» RECORD SET
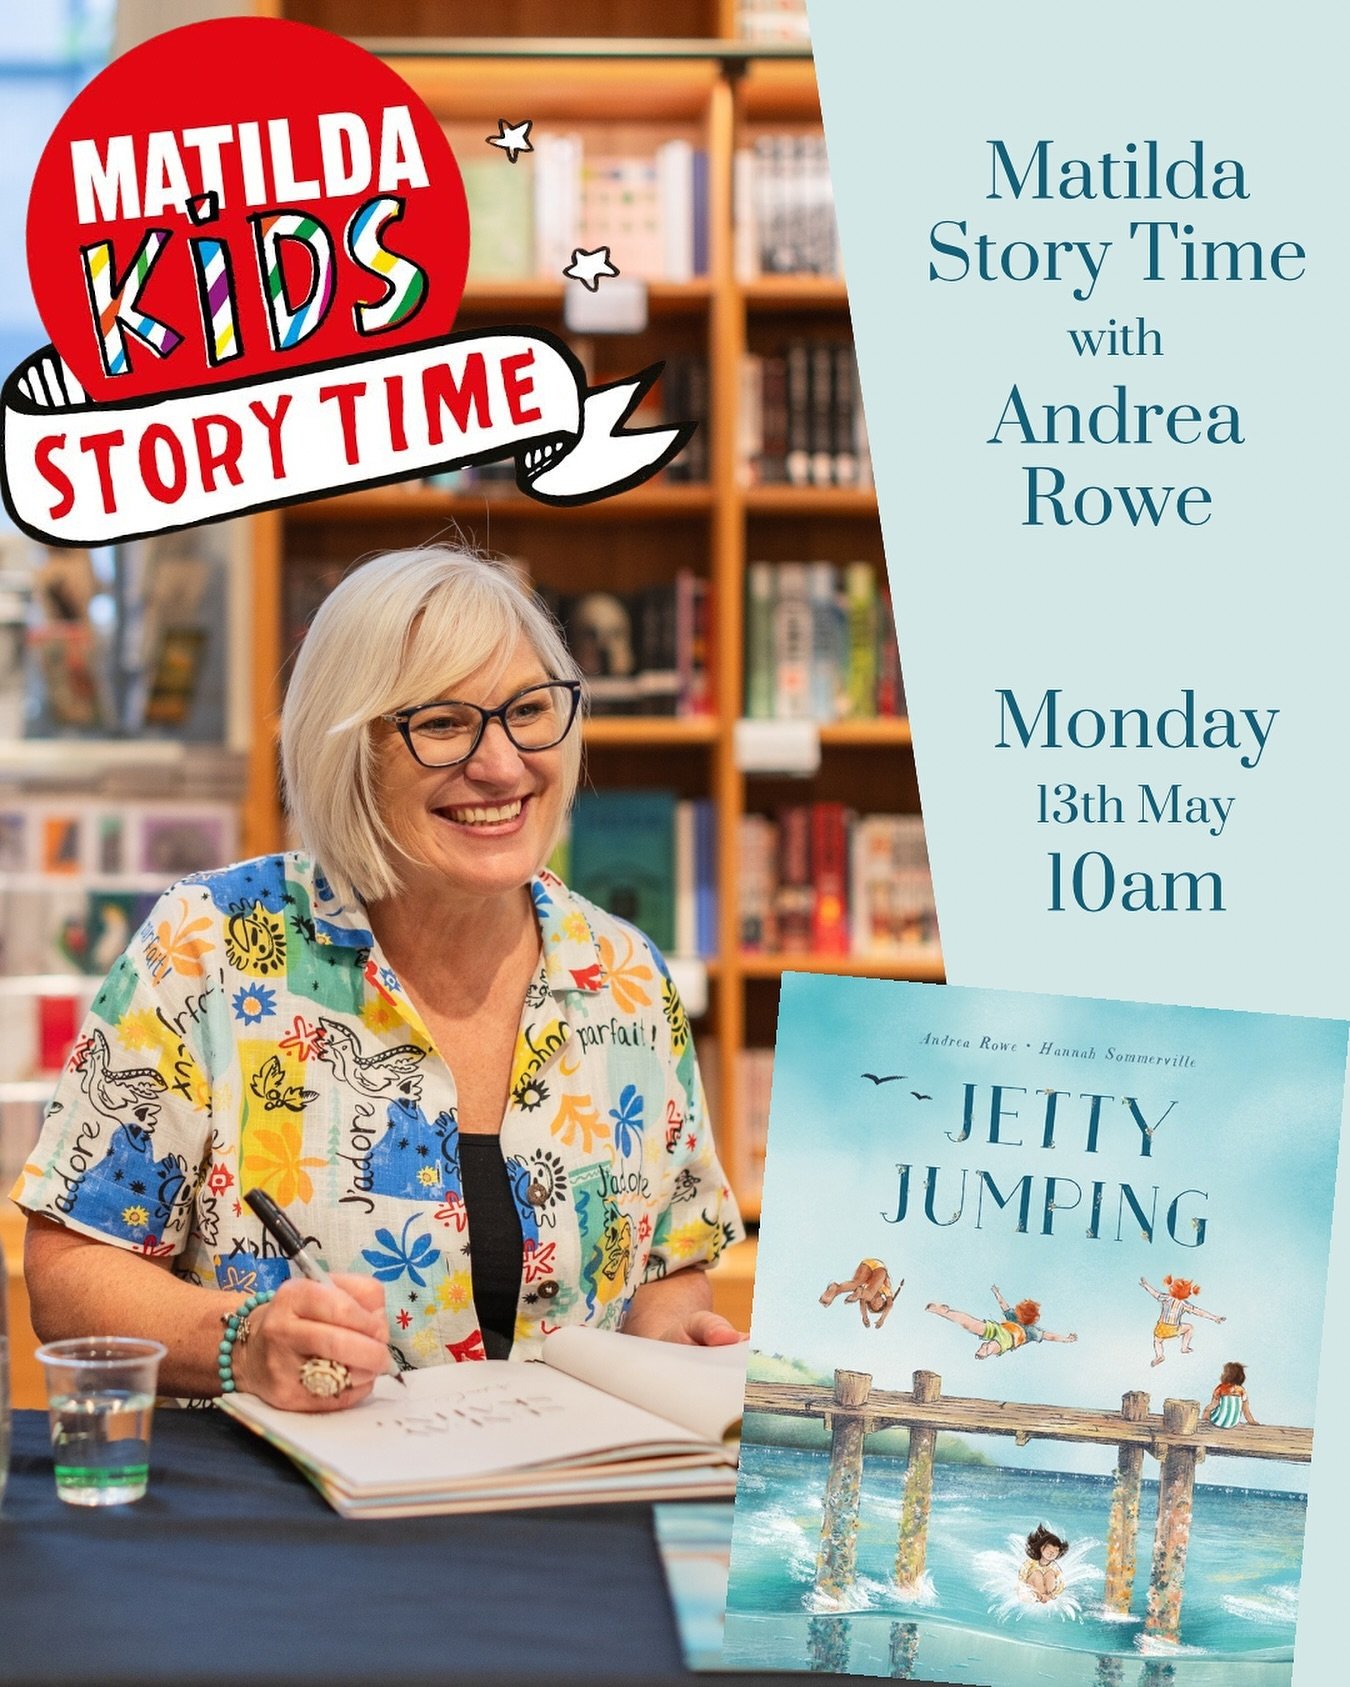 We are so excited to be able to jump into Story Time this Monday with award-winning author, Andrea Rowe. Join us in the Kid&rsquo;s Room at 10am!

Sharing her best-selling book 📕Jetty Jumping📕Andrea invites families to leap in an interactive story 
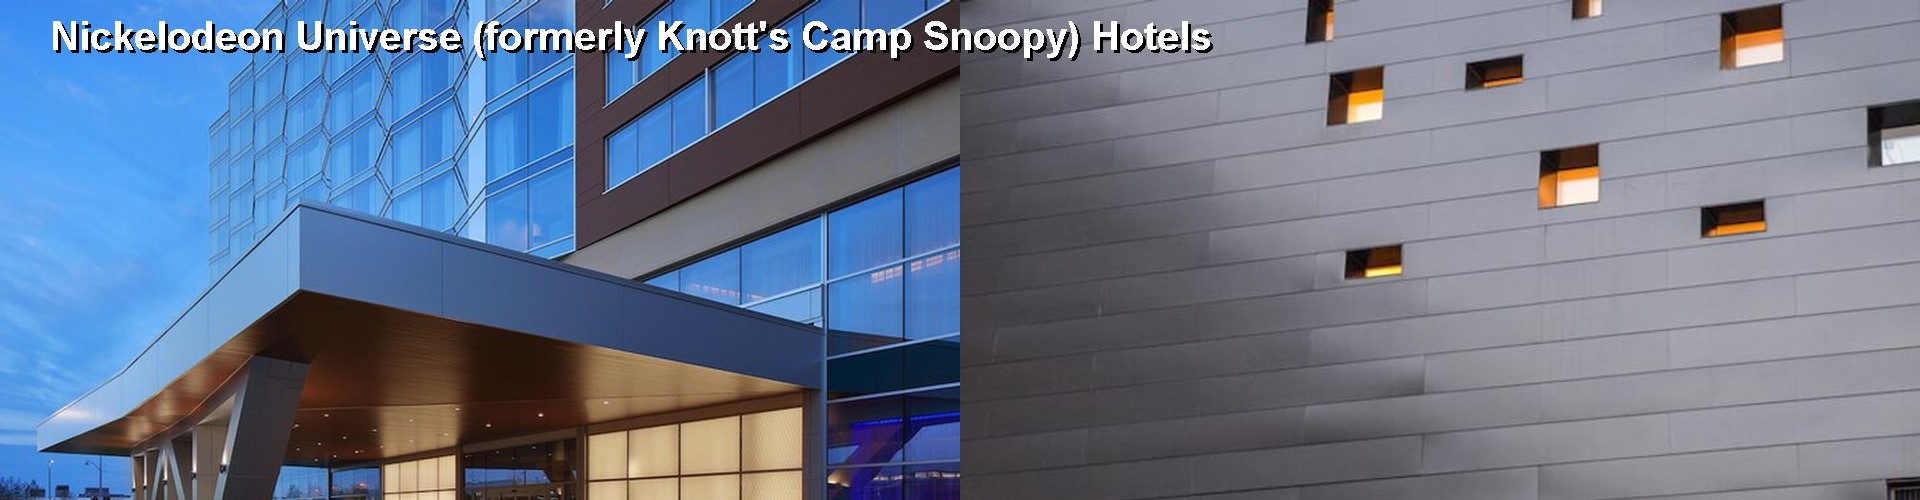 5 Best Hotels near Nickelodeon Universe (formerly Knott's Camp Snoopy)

==

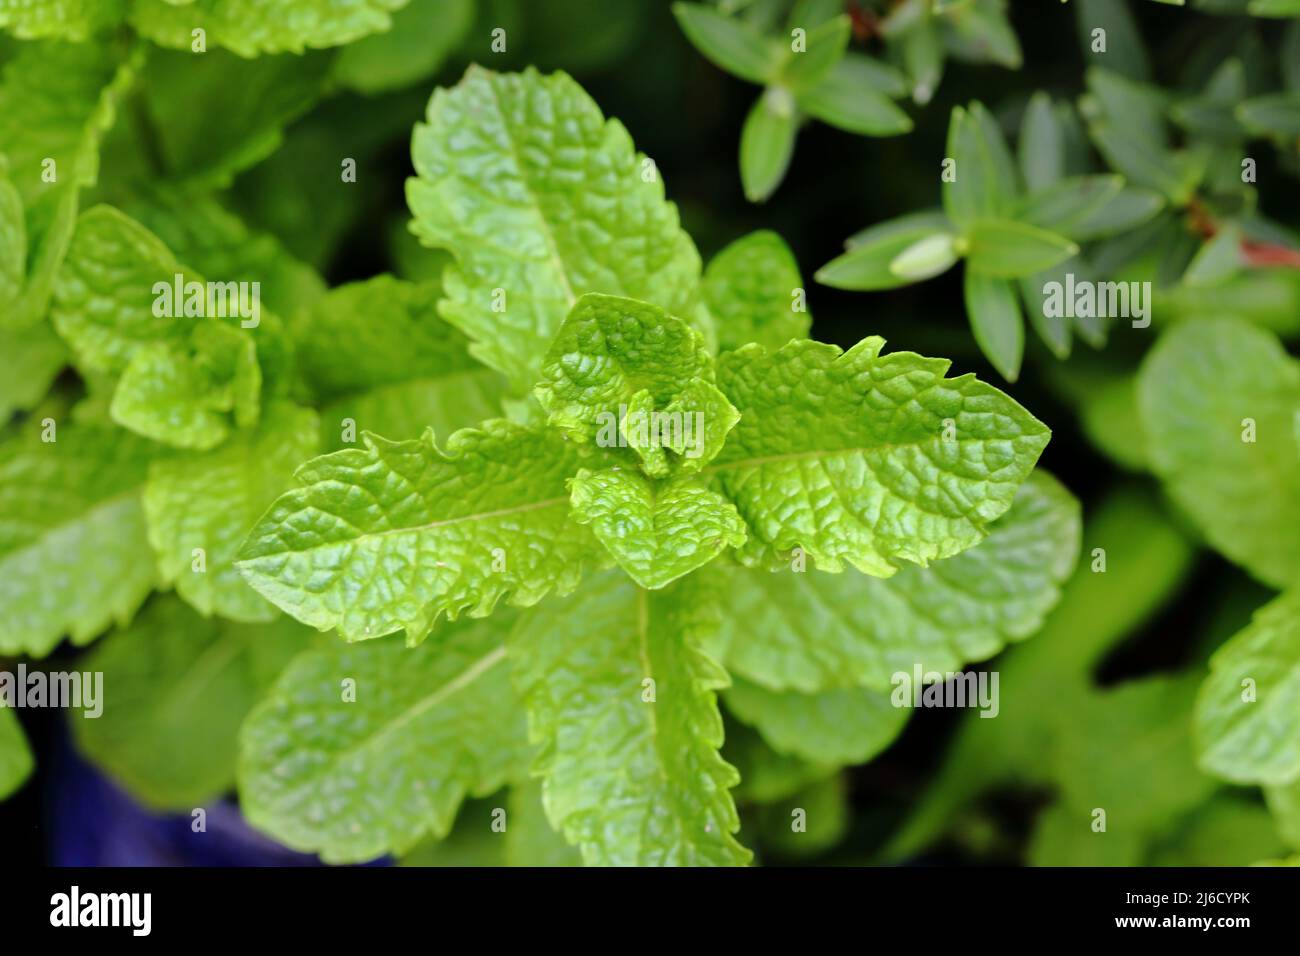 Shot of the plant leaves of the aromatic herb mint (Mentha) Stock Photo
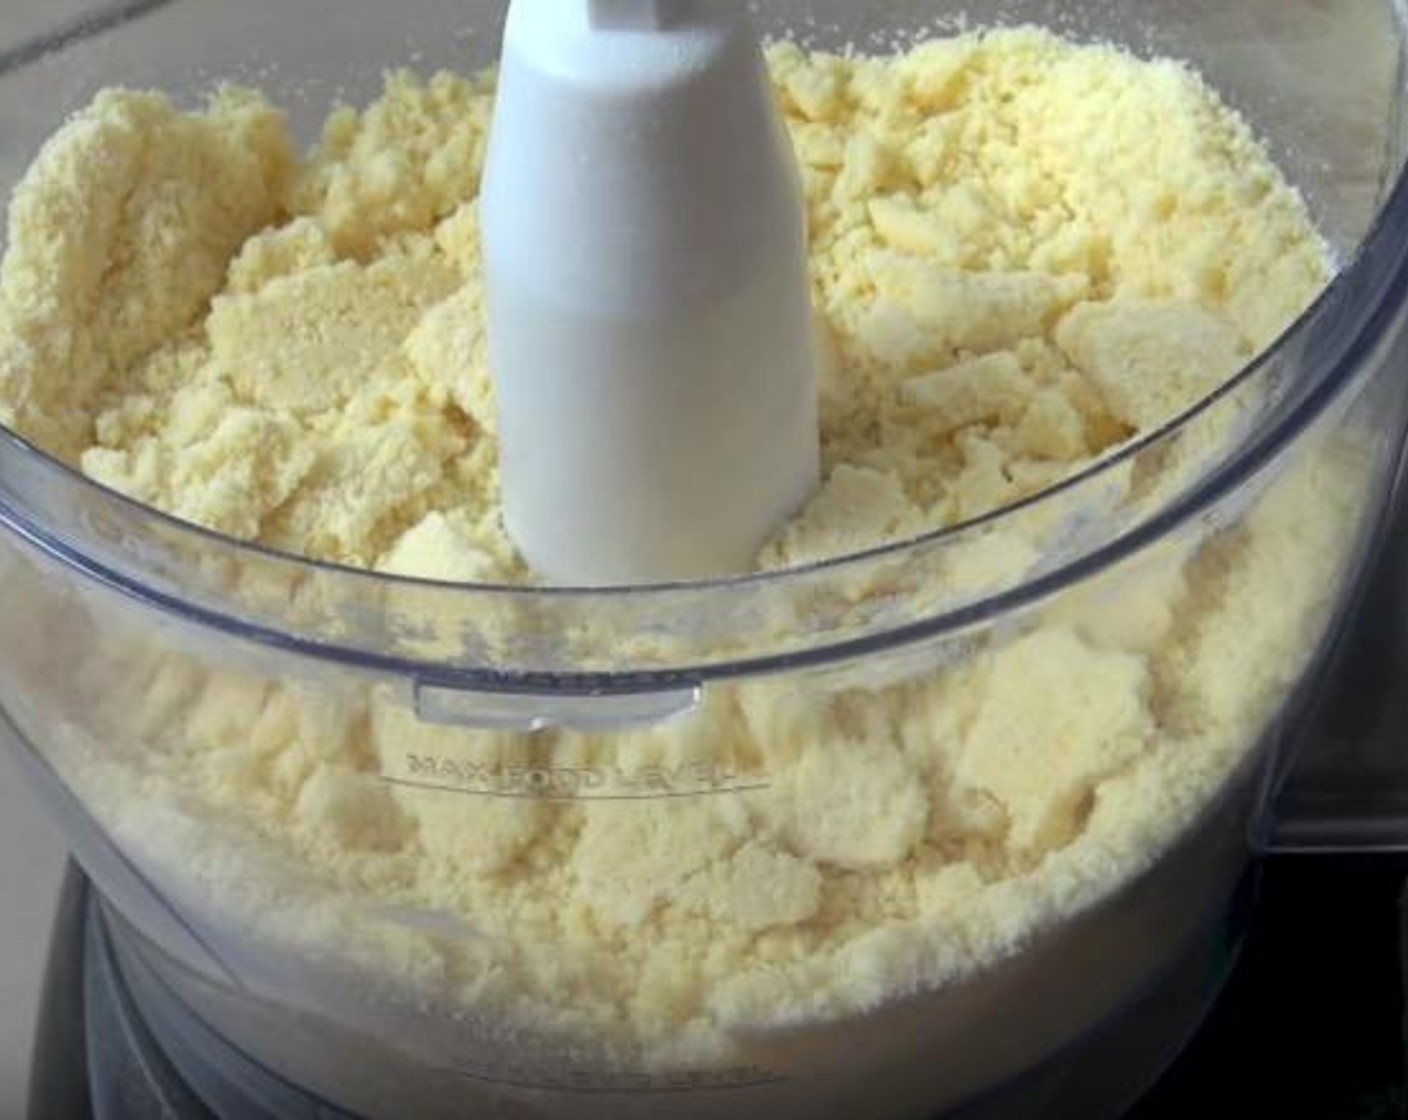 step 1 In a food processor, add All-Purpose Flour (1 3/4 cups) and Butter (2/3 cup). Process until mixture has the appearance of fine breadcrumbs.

» GOAL OF THE EXERCISE
To complete this exercise, transcribe exactly the lines above from the one that holds "We are so excited" through the one that holds "Sharing her best-selling". Pictures stay out.

» RESPONSE TO THE EXERCISE
 We are so excited to be able to jump into Story Time this Monday with award-winning author, Andrea Rowe. Join us in the Kid&rsquo;s Room at 10am!

Sharing her best-selling book 📕Jetty Jumping📕Andrea invites families to leap in an interactive story 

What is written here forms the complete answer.